Time signals recorded from typical experiments in cardiac electrophysiology require a substantial amount of processing before they can be used for diagnostic or analytical purposes (Good et al. 2016, R. S. MacLeod et al. (2005), D. J. Swenson et al. (2011), Aras et al. (2014), Aras et al. (2016)). However, these processing steps are rarely described in adequate detail in literature. Until now, there has also been a scarcity of commonly available software tools, each group creating one-off tools for their exclusive use. This lack of shared tools, code, and even detailed algorithms has made comparisons across labs impossible. Rather then refining and improving these techniques, each lab has been required to traverse their own learning curve, repeat mistakes of others, and produce results that lack the confidence of robust and well tested processing.

PFEIFER provides both a set of open source tools to share with other groups as well as a common framework within which these processing steps can be performed. Because the framework is modular, flexible, and open source, written in a simple, high level language, other groups can easily replace or add functionality to suit there needs and compare results with other groups using the same tools. In addition to flexibility, PFEIFER has very little computational overhead so that it can efficiently process tens and even hundred of independent channels of time signals.
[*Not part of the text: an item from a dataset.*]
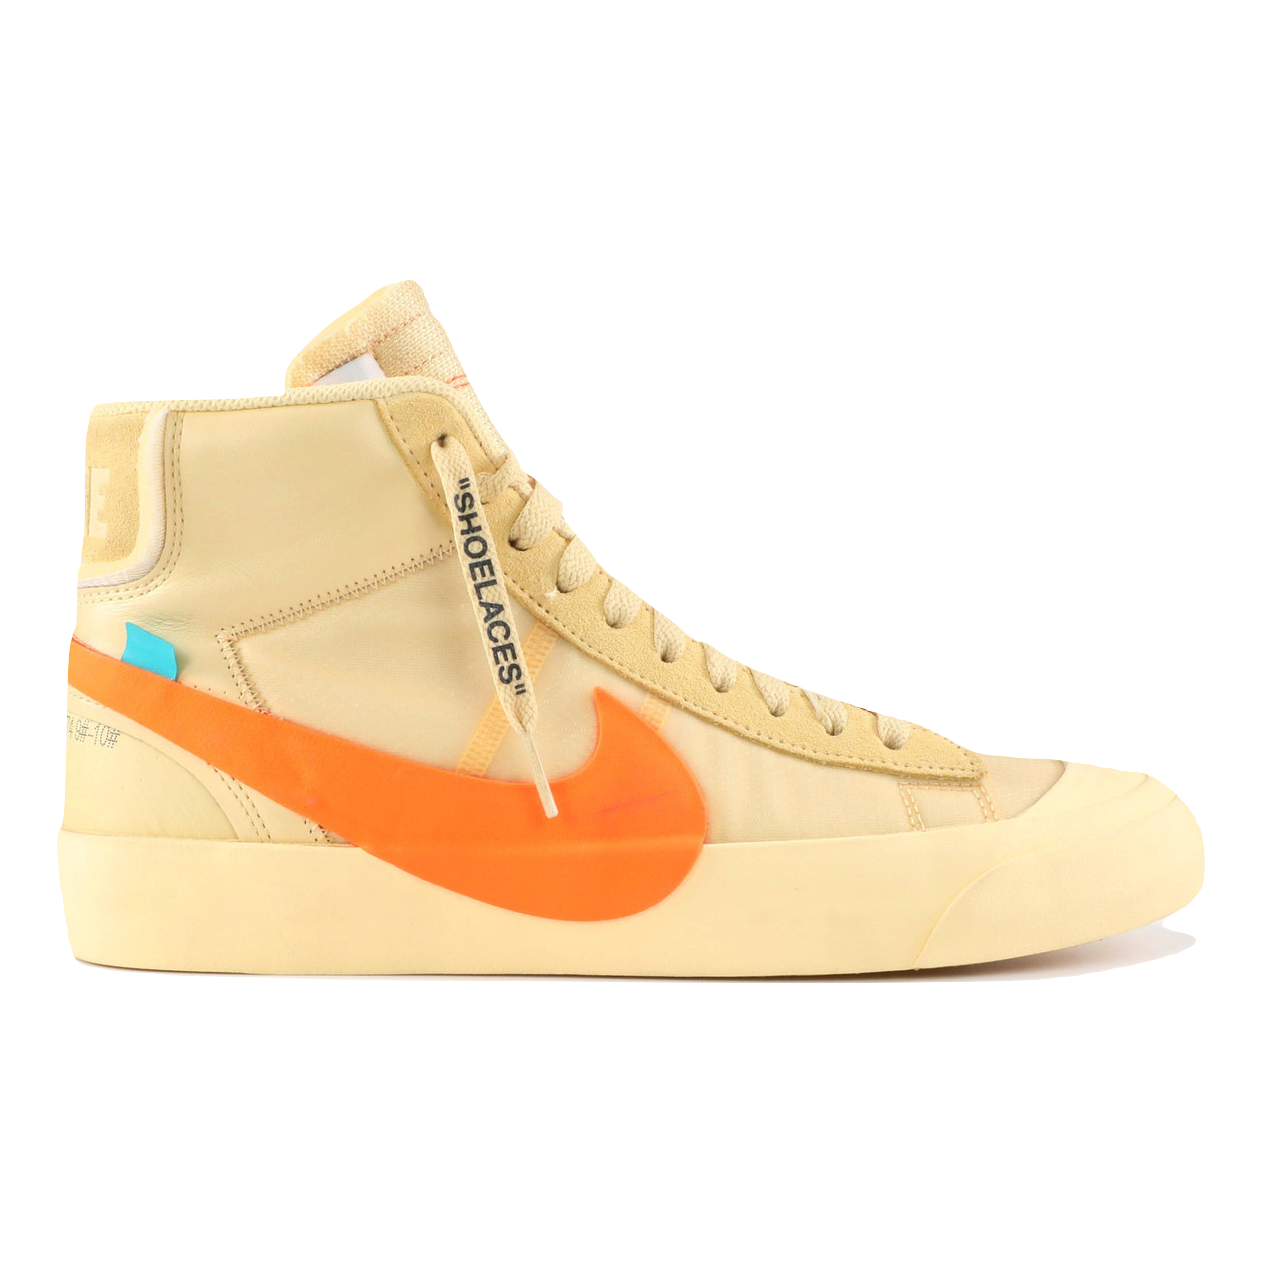 Luchtpost Dalset Gewoon overlopen The 10: Nike Blazer Mid - All Hallows Eve - Used – Grails SF
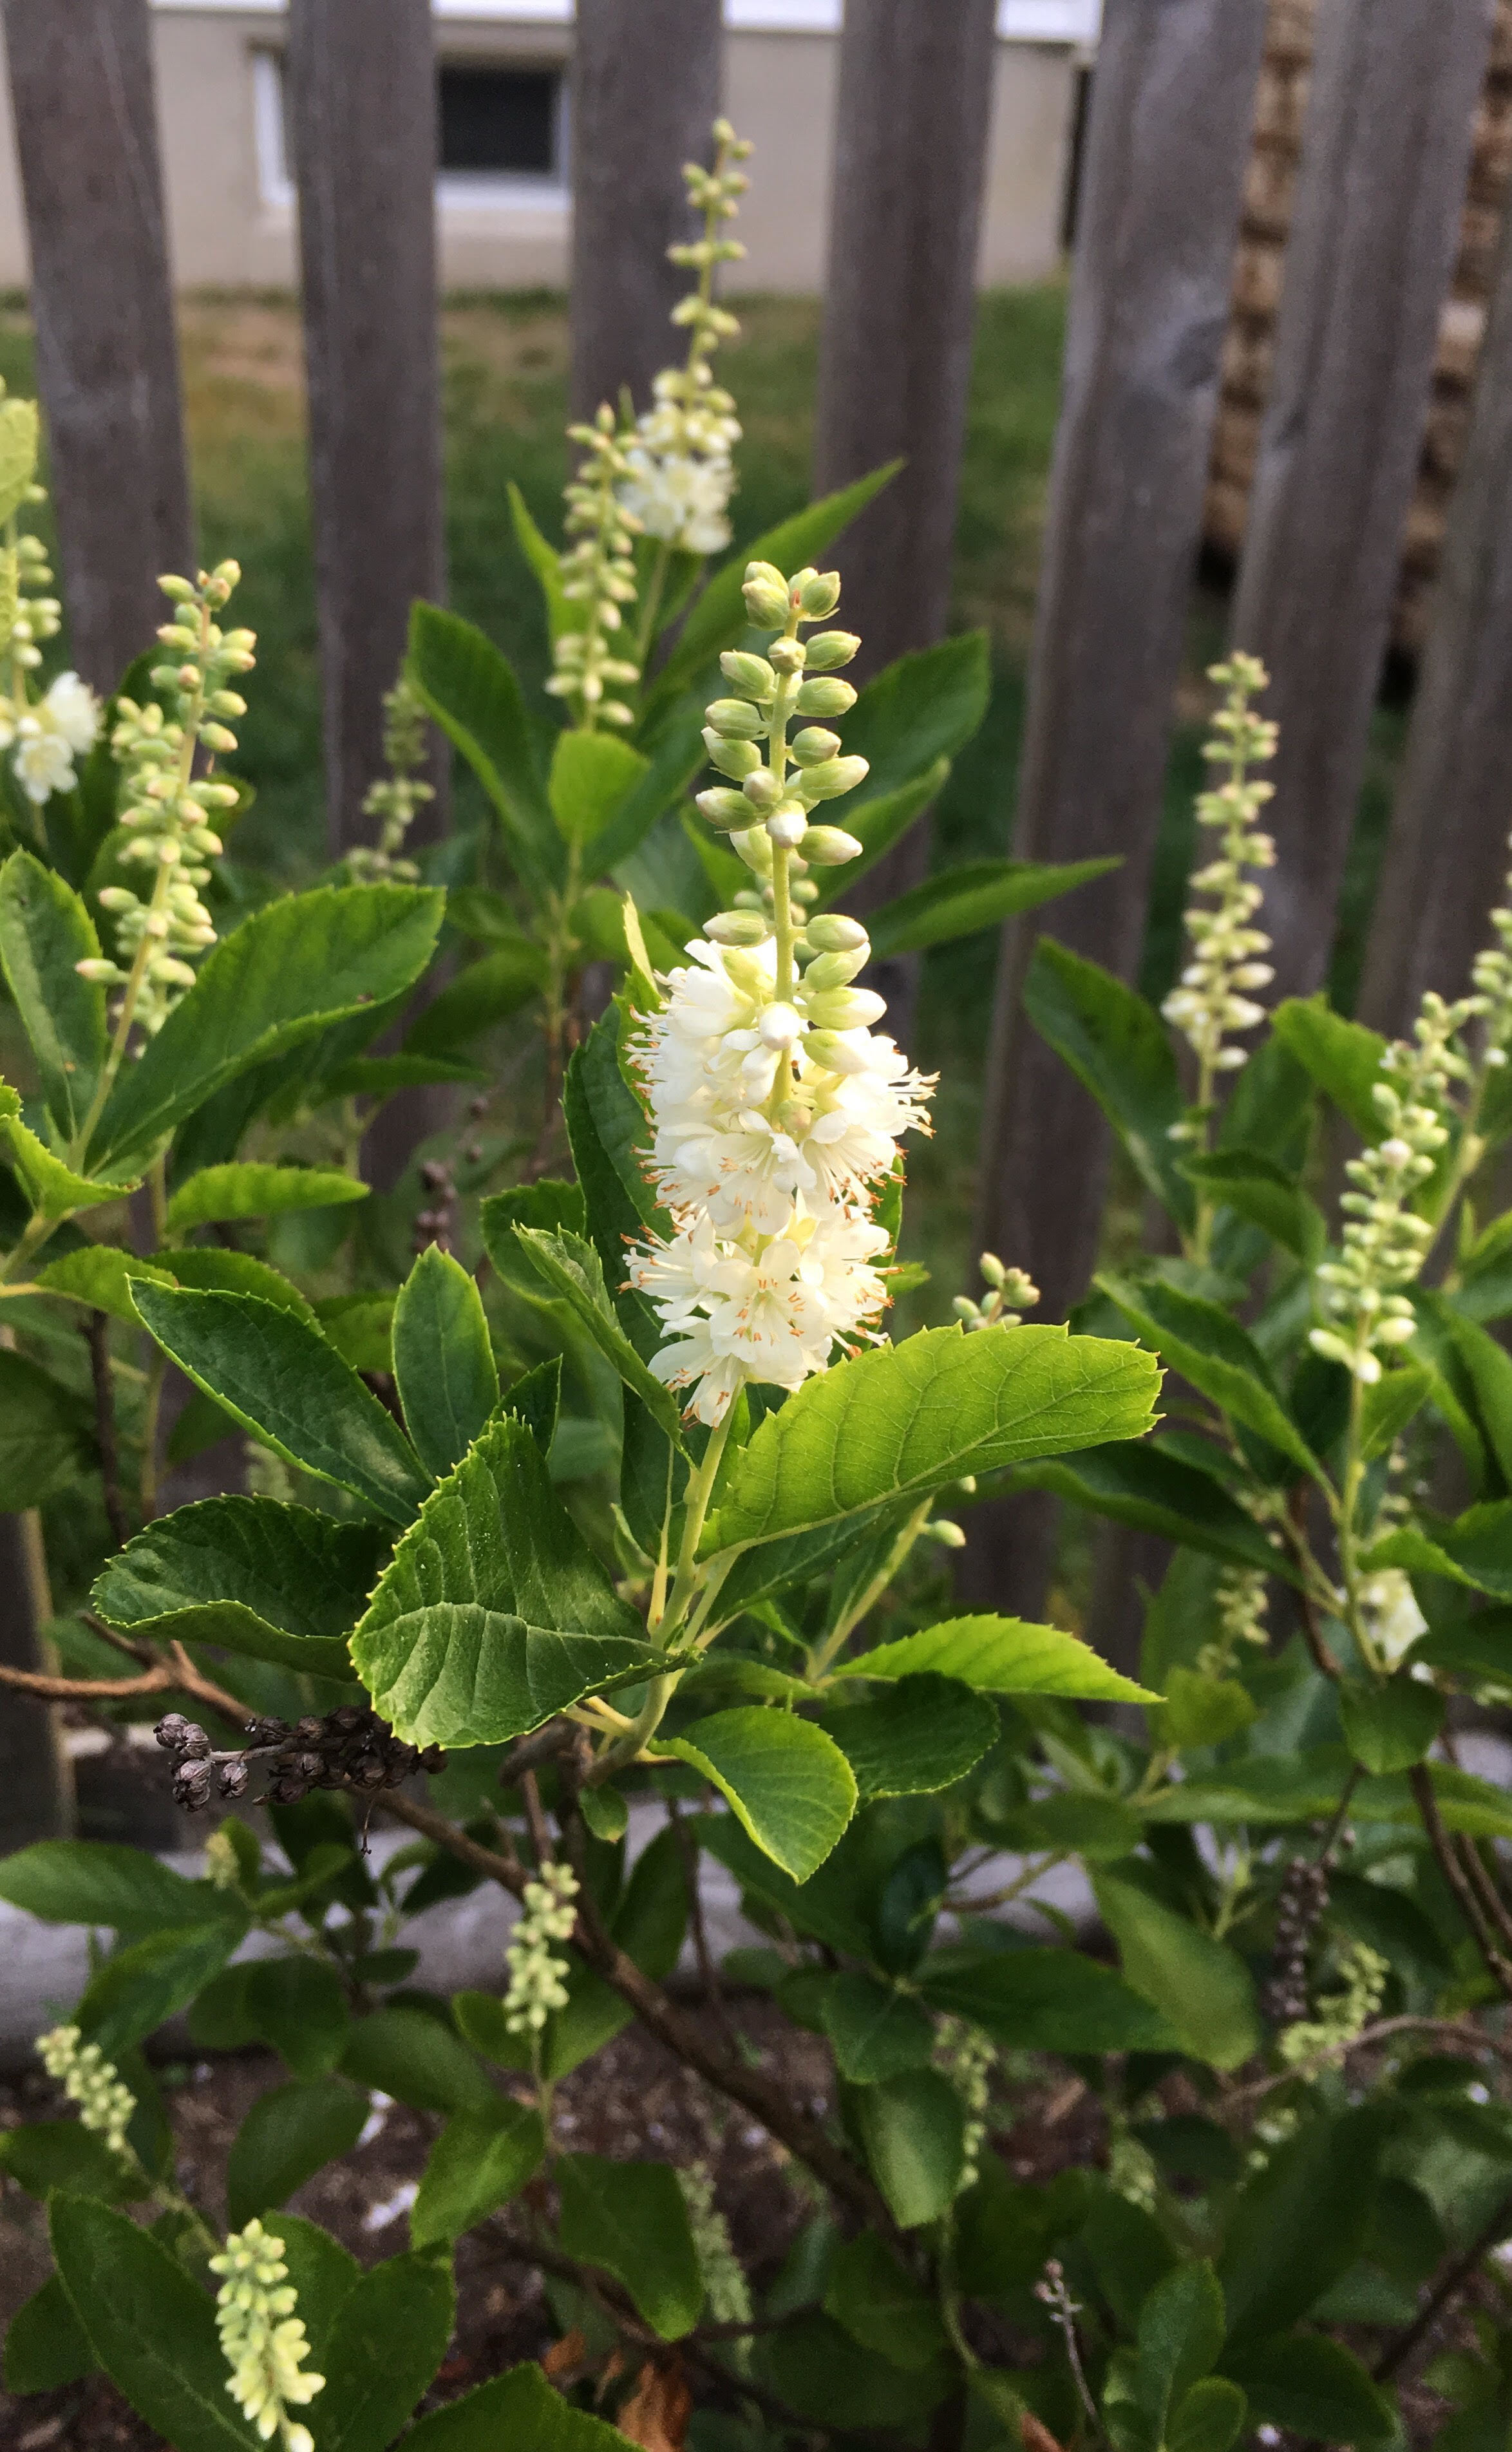 Clethra alnifolia blossom. Photo by Ginger Laurits.

Of special note is that PFEIFER also contains built in functionality for significantly reducing overall experiment processing time by semi-automatically fiducializing the time signals, which are assumed to be approximately periodic, e.g., a sequence of heart beats. This capability is novel and we know of no other published description that achieves these goals. The combination of flexibility, minimal computational requirements, time saving algorithms, and a structured framework easy to modify and extend makes PFEIFER the ideal toolkit for researchers processing cardiac electrical signals.